In an interview with Alix Rule, Gaillard said "You know how the London bridge or some French castles have been moved, rock by rock, and reconstructed? My main project, the work of my life, is to do the same for towerblocks. I mean, they cost a fortune to demolish - if I could somehow use the money (and then find more money), I would relocate them on a big piece of land in the south of France and create a park. There would be a few from Glasgow and Sheffield, and a few from Paris and from Marseille, and a few from Kiev, the same way Piranesi would make a caprice. The place would become a 21st-century park of ruins as well as my sculpture park."

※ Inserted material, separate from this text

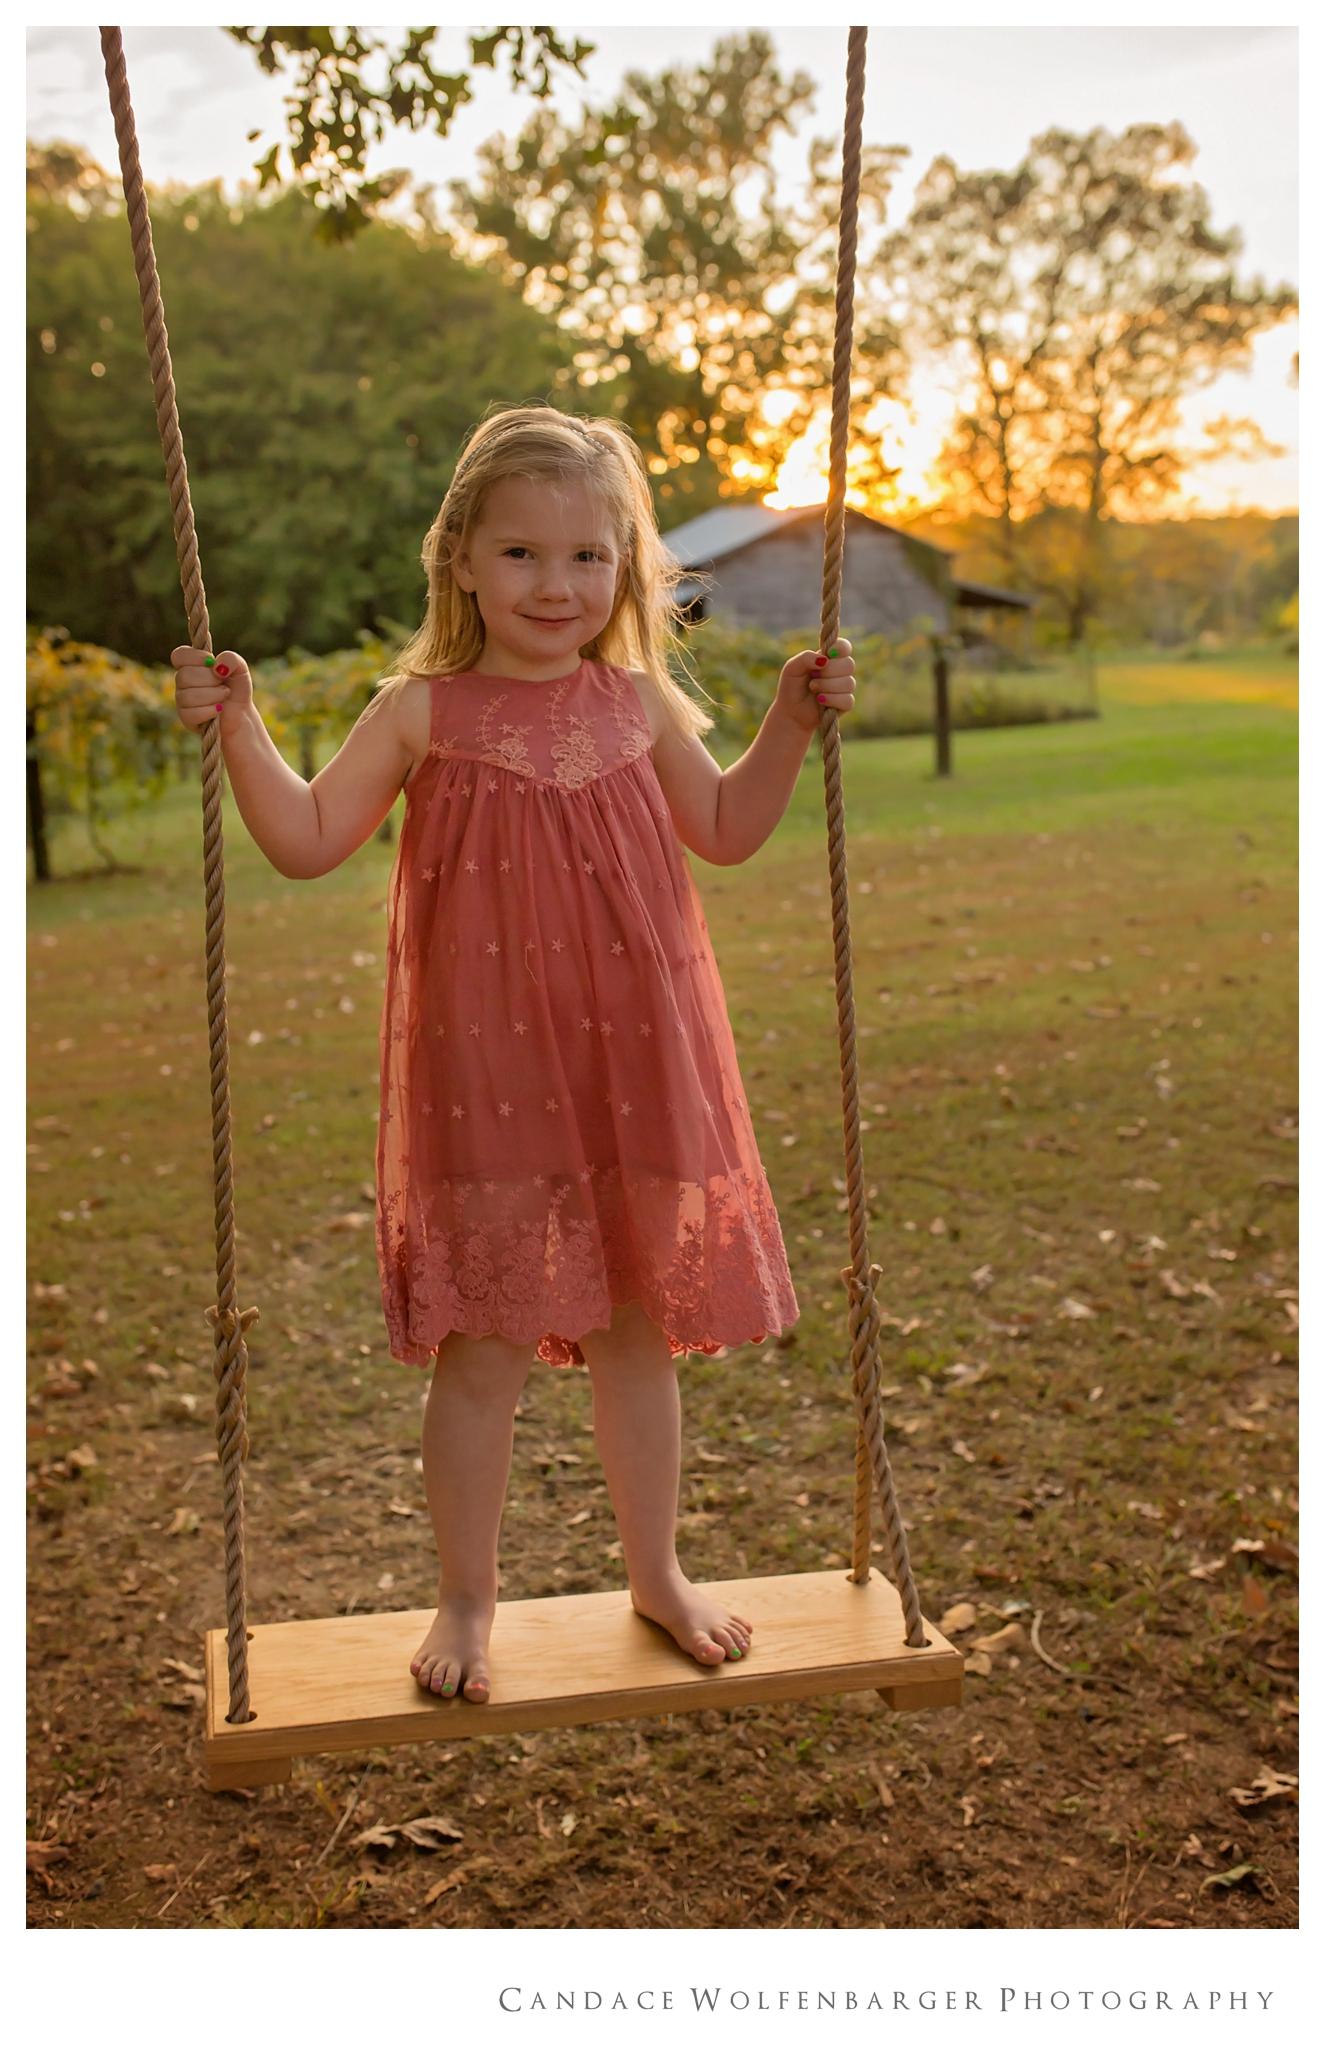 Naaman Caroline Swing Session Candace Wolfenbarger Sanford NC Childrens Photographer 10.jpg
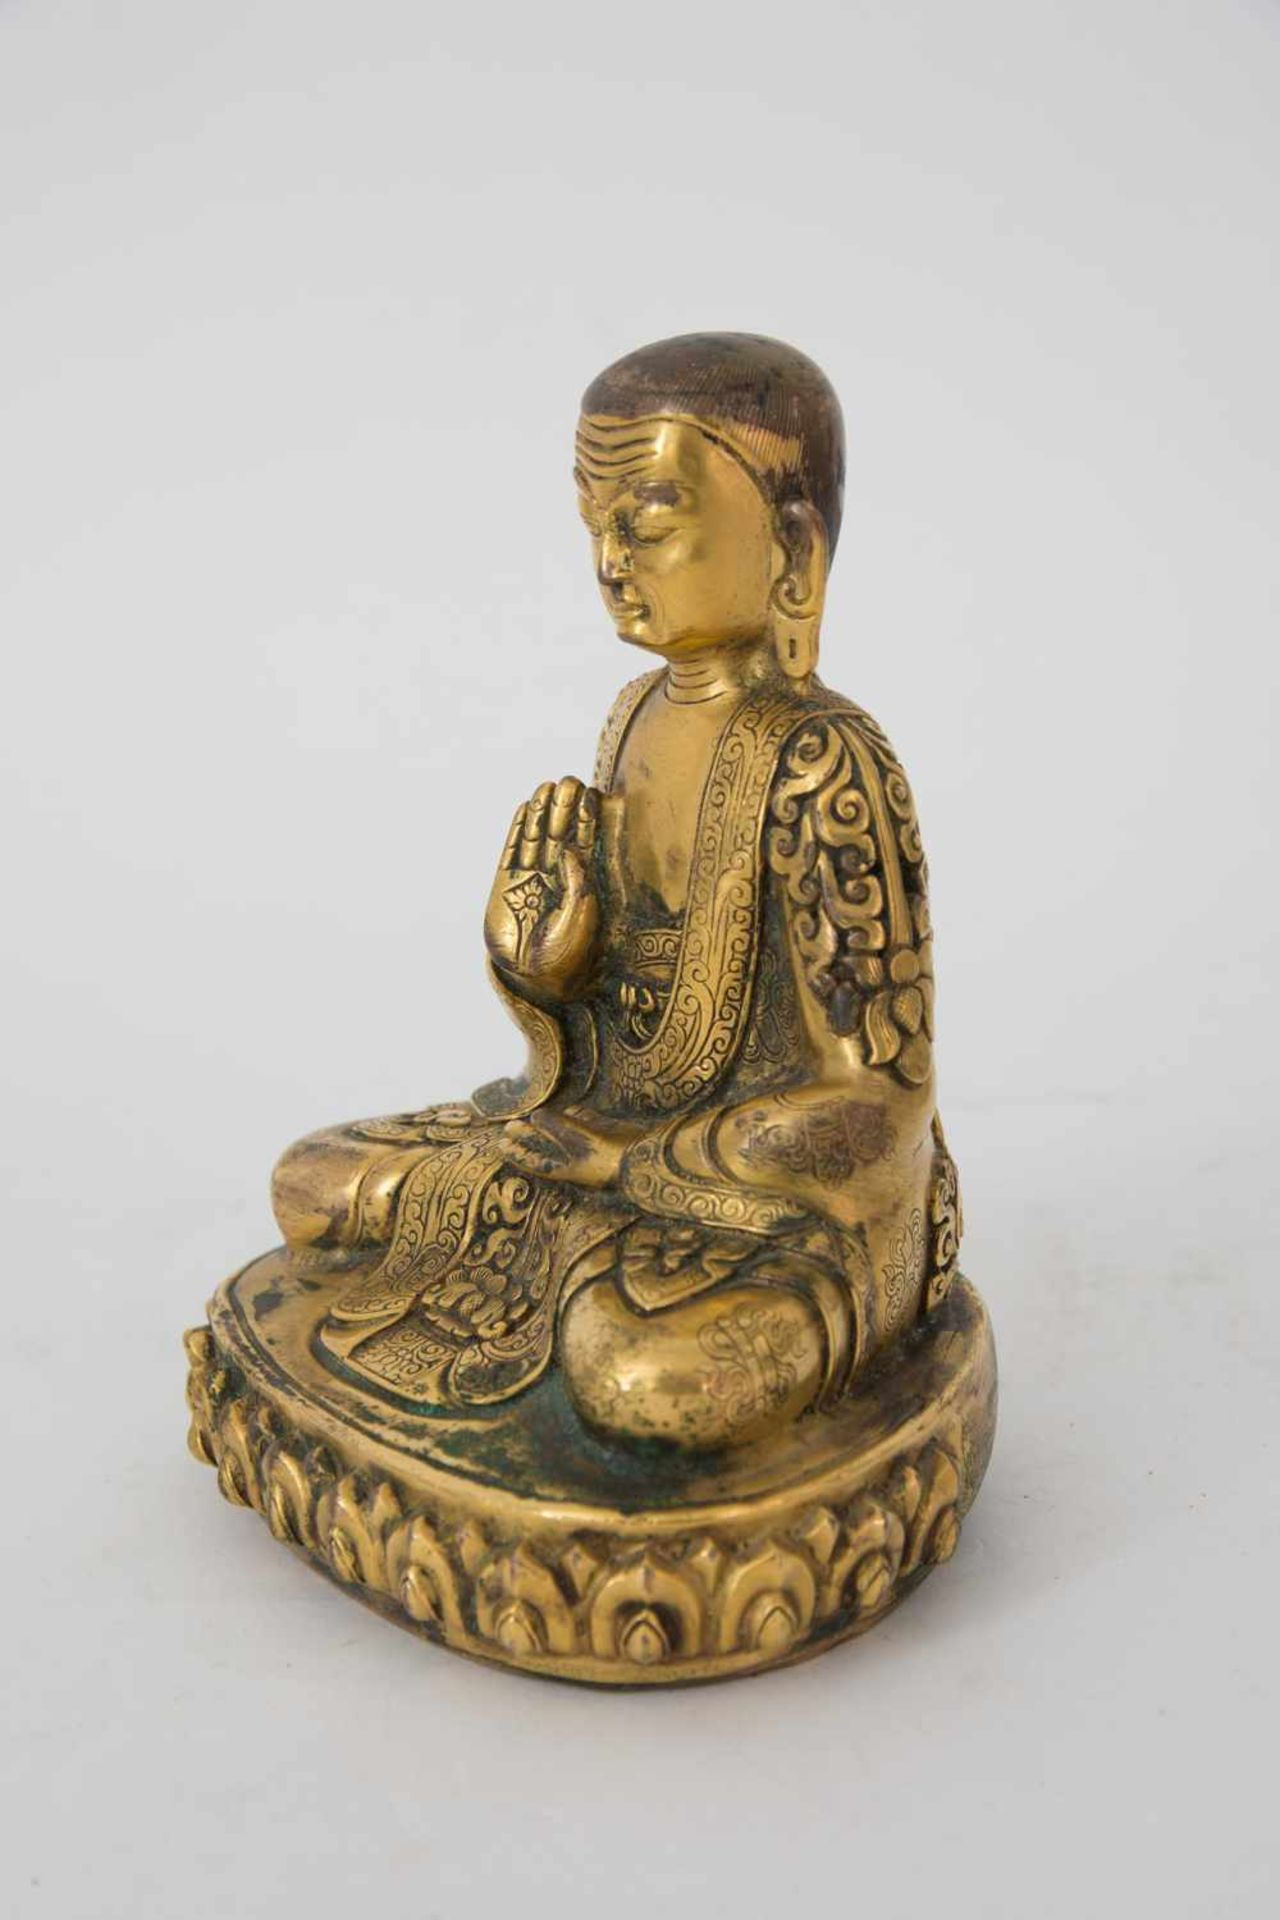 Los 12 - ADIBUDDHA SCULPTURE, firegilt bronze, Central Asia Sculpture finely elaborated, measurements: 12 x

I've included a link below to the video Pruitt-Igoe Falls (2009) which shows the destruction of a Glasgow tower block along with a nocturnal view of Niagara Falls.  Gaillard is quoted in Interview as saying: "When the building fell, the dust from the destruction made its way through the graveyard below us like a ghost, slowly coming to the camera until everything went black. It becomes a natural monument, just like Niagara Falls at night-both subjects are falling, both slowly bring you to obscurity."  The title comes from the failed urban housing project, Pruitt-Igoe in St Louis, which was completed in 1955 and demolished in 1972.